At the same time, I will be talking to the Russians about the possibility of building a new relationship, getting out from this hole to provide Putin an incentive, more pressure and more incentive.
JUDY WOODRUFF: But, Jessica Mathews, it sounds like what we’re hearing from the administration is more threatening talk, that if you do more of this, we will do X, Y and Z, rather than the kind of openings that we are hearing right now from Richard and Dimitri.
JESSICA TUCHMAN MATHEWS: I think we have to be operating on several different levels, some of which appear to be somewhat contradictory.
We have got to impose some costs, even if they’re very, very minor and they leave room for escalation. We have to be talking seriously to the Russians, because, as horrible as what they have done is, it is crucial for us to understand that a spark of this was a terrible European mistake, which the U.S. allowed to happen, which was to make the integration, economic integration agreement an either/or choice.
JUDY WOODRUFF: With — with — you mean with Ukraine?
JESSICA TUCHMAN MATHEWS: With the E.U. and Ukraine.
JUDY WOODRUFF: Yes.
JESSICA TUCHMAN MATHEWS: And what that said to the Russians was, Ukraine is no longer a bridge between East and West. It’s a beachhead for the West right up against our border. And that, we know, was the Russian red line.
So someone has to be talking at a very — at the most senior level to get at that issue, and to say, we recognize that Ukraine needs to be that bridge. Long-term, strategically, that ought to be our position.

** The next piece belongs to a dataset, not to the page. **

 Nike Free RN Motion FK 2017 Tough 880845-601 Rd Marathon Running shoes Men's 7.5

JUDY WOODRUFF: Richard Haass, pick up on that.
RICHARD HAASS: What I think we — I think it’s fair to say that, while the administration has probably done OK in responding to the crisis, it did miss the — it did take its eye off the ball.
And I think one of the real criticisms you can make is that for the last few years, we have allowed ourselves to become strategically obsessed with the wrong part of the world, which is the Middle East. And we have essentially lost our focus both on Asia and to a lesser extent on Europe, and now we’re trying to play catchup.

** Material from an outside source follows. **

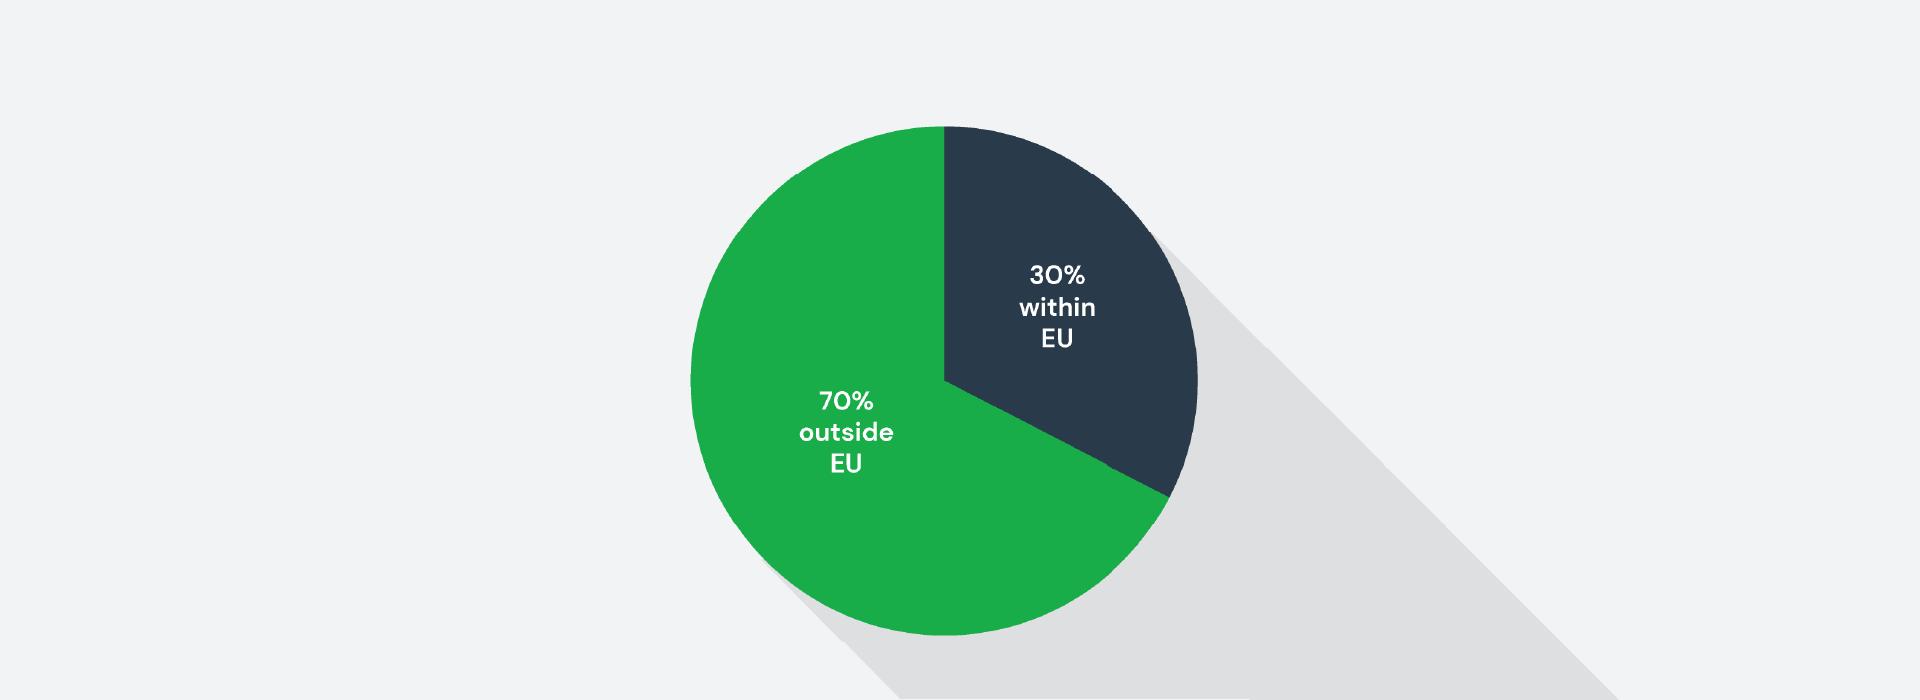 UK-international-student-recruitment-trends-student-flow-EU-trends

I would think the most important thing we could do is spend more time in Berlin, talking to the German government, and trying to fashion a really robust response that would basically tell Mr. Putin, here’s the cost, which is limited, you will pay for what you have done, but there will be a dramatically greater cost to be paid economically if you were to go on from here.
And that has got to be a U.S.-German and, through Germany, European response. We can also keep up the diplomatic side. And I take that point. The cliché of the day has become off-ramps. And we — there is an argument to be made that we shouldn’t allow the totality of the U.S.-Russian relationship to be fined — to be defined by Crimea on the chance that Crimea is something of an exception.
So we want to keep open the relationship. In part, we have also, Judy, got to be talking about things like Iran, Syria and North Korea. But, right now, I would really work the U.S.-European account to try to present the Russians with some very stark choices.
JESSICA TUCHMAN MATHEWS: Can I just…
JUDY WOODRUFF: All right, we hear you. We hear you, all three.
JESSICA TUCHMAN MATHEWS: OK.
JUDY WOODRUFF: We’re going to have to come back to this. And I know we will come back to this on many occasions.
JESSICA TUCHMAN MATHEWS: Yes.
JUDY WOODRUFF: But, for now, we thank you, Jessica Mathews, Dimitri Simes, Richard Haass.